Wikipedia is not a dictionary. But what they mean is Wikipedia is not only a dictionary, "Although articles should begin with a good definition and description of one topic, they should provide other types of information about that topic as well." You've just put a definition? Back to work, slave, that is not good enough. LumenikiLu may contain definitions and pronunciations for terms that do not have well known definitions or pronunciations.
Wikipedia is not a democracy [because Wikipedia defines democracy as voting not consensus]. The question is what do you do when you don't have consensus? I see voting in Wikipedia all the time. A one-vote-per user is pointless when you can make as many user names as you want. LumenikiLu may use a sort of meritocracy to resolve disputes: Users who provide the most lumenotable info get their way. Consensus should be tried first, however. Like Wikipedia you don't get paid money, you get paid in power. That is how it really is.
Wikipedia is not an anarchy, LumenikiLu is a model for anarcho-libertarianism.
Wikipedia is not a bureaucracy. (Allow them to elaborate:)

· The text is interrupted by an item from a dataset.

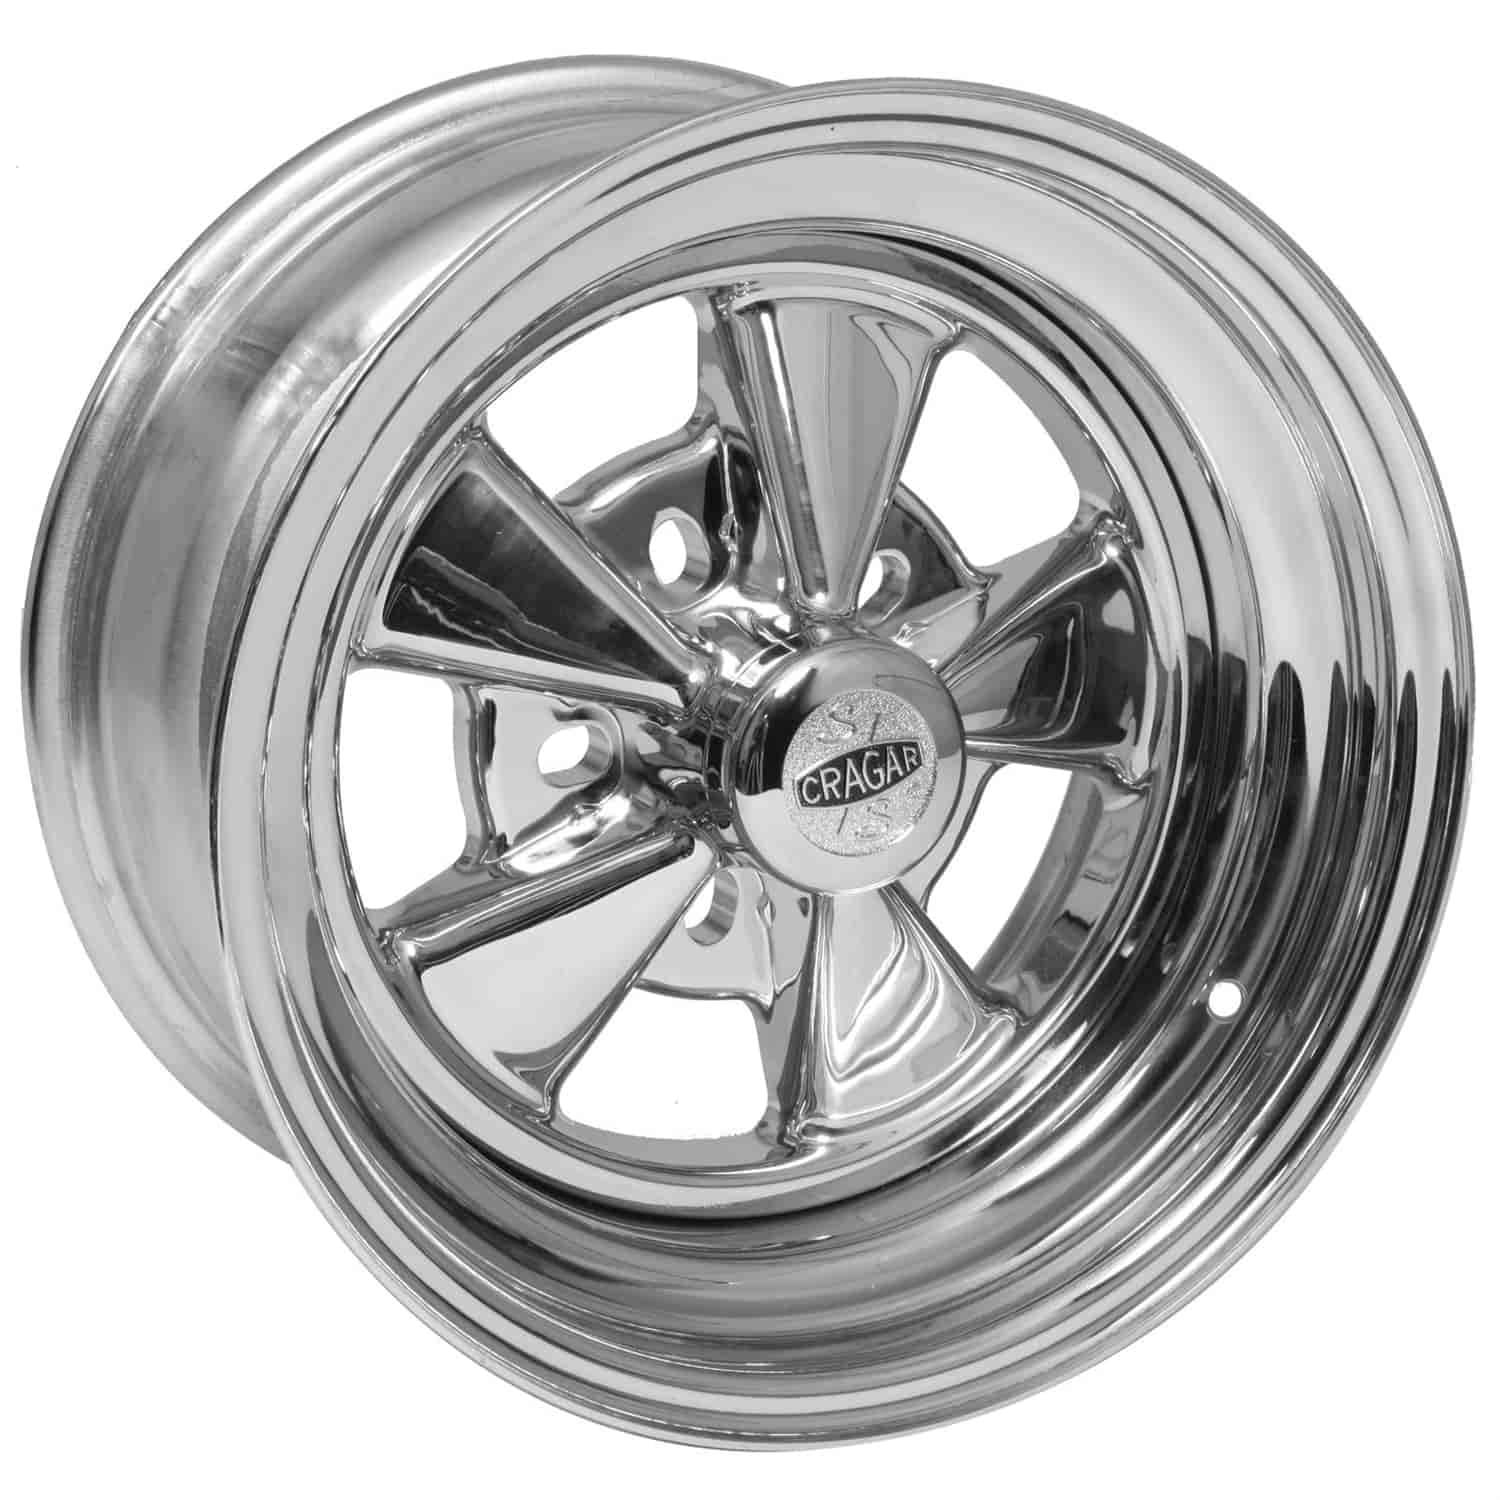 S/S 15X8 5-4.75 4 RS

- Wikipedia is not governed by statute: it is not a moot court, and rules are not the purpose of the community. Instruction creep should be avoided. Wikipedia's policies and guidelines are descriptive, not prescriptive. They represent an evolving community consensus for how to improve the encyclopedia and are not a code of law.

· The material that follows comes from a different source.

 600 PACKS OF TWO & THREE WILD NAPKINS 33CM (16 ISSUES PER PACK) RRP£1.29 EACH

- Do not follow an overly strict interpretation of the letter of policy to violate the principles of the policy (see Wikipedia's guideline on gaming the system). If the rules prevent you from improving the encyclopedia, ignore them. Disagreements are resolved through consensus-based discussion, rather than through tightly sticking to rules and procedures.
- "I like this one. I think I will ignore it. I tried this and the big bad administrator chopped off my edit. We could get suuuuued, Man?!?! See first and foremost Wikipedia is subject to all the retarded libel laws that exist in the U.S.A. It is first and foremost an United Statian establishment and The Man will squish it if it does not The Man's bidding."

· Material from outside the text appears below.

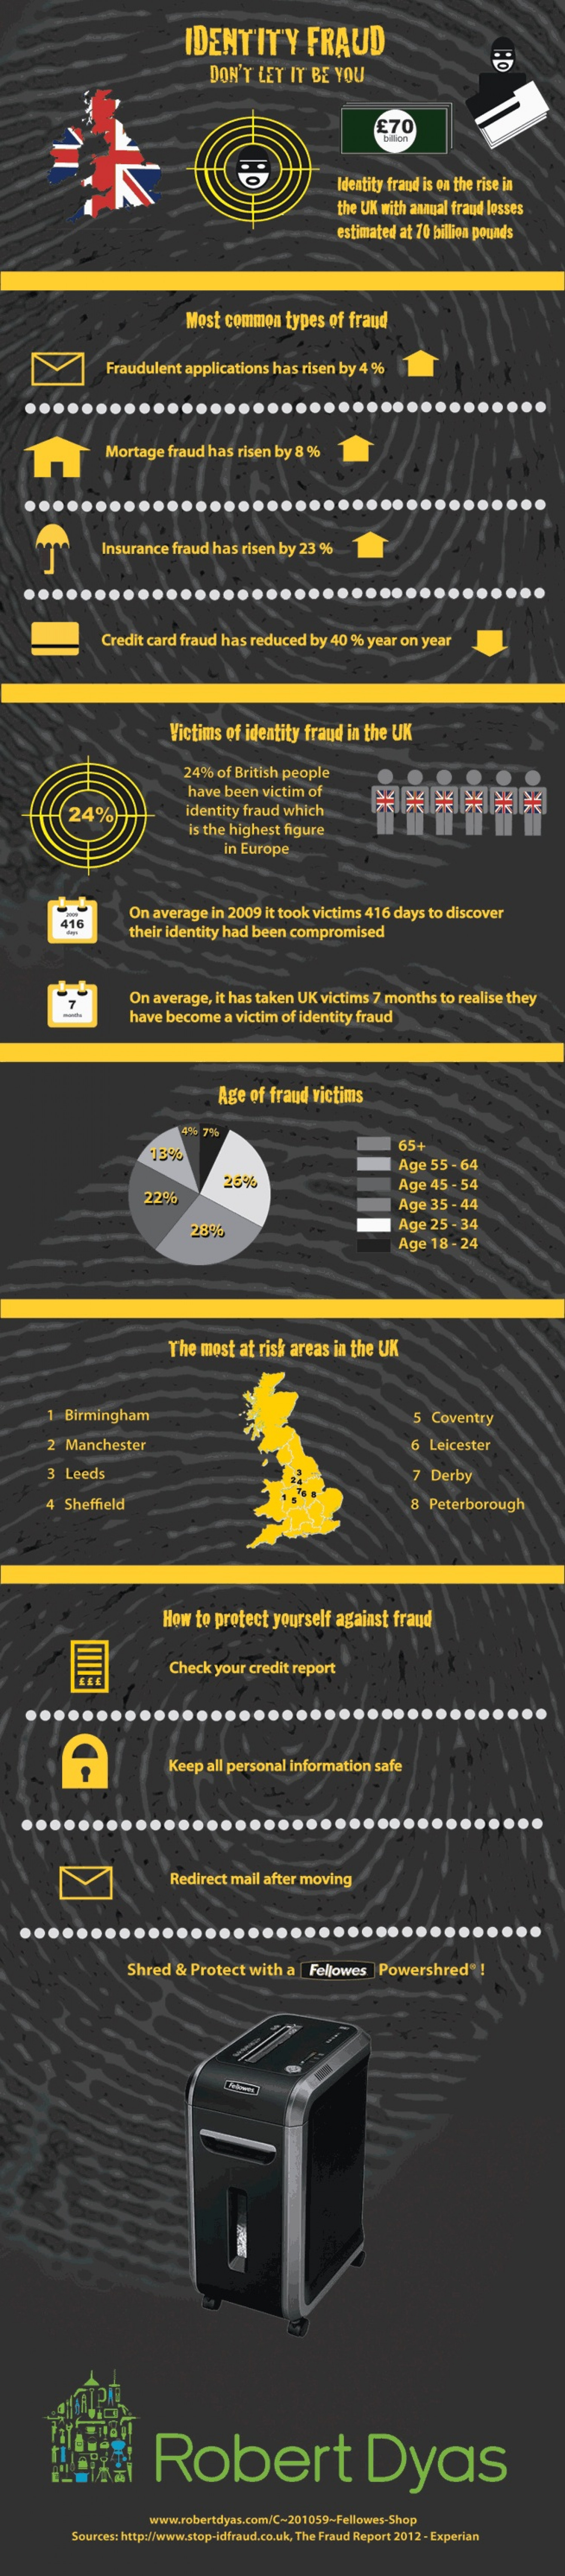 Identity Fraud - Don't Let It Be You Infographic

Wikipedia is not a battleground. LumenikiLu is a place for wikibrawling, kinda like Wikipedia advocates here. But the real problem is that there doesn't seem to be a problem with posting information that you know to be false, so long as it has a third-party published source. And Wikipedia won't accept as even notable, a million self-published sources who are making a simple observation (ie these flash drives from China do not work). There will be no discussing intelligent design because WE all know there are no reliable sources who believe in incorporeal beings (maybe alien designers are another matter). Case closed. Wikipedia's inclusion policy says it is not "truth", it is reliable sources. Who are the reliable sources? The one's who tell the truth, silly. We don't need to evaluate each and every claim they make, just so long as they is good people.
Wikipedia is not your web host. LumenikiLu is your host if you got something lumenotable. If not, you can probably link to it from LumenikiLu, and make it part of LumenetiLu. You could use Referata, some other wiki farm, online forum, or personal website as your web host. At this point, the fact that you are interested enough in LumenikiLu to bother, makes you a lumenotable person. If we get a whole lot of business, this down home country attitude is likely to change. Act now and get triple your money back!
Style and format
Wikipedia is not a paper encyclopedia[, but it seems to want to be]. We don't have the space limitations of paper so there is little need to exclude so much lumenotable information that Wikipedia excludes. Digital data is immediately updatable and correctable. If you want info that is low-cost (for a small number of pages) and requires no electricity, you can print it. If you want portability, there is also digital ink (better for the eyes) or various handheld devices capable of displaying html or text. (I had a $20 mp4 player that could display text documents, it was 1 1/2" x 4" x 3/8".)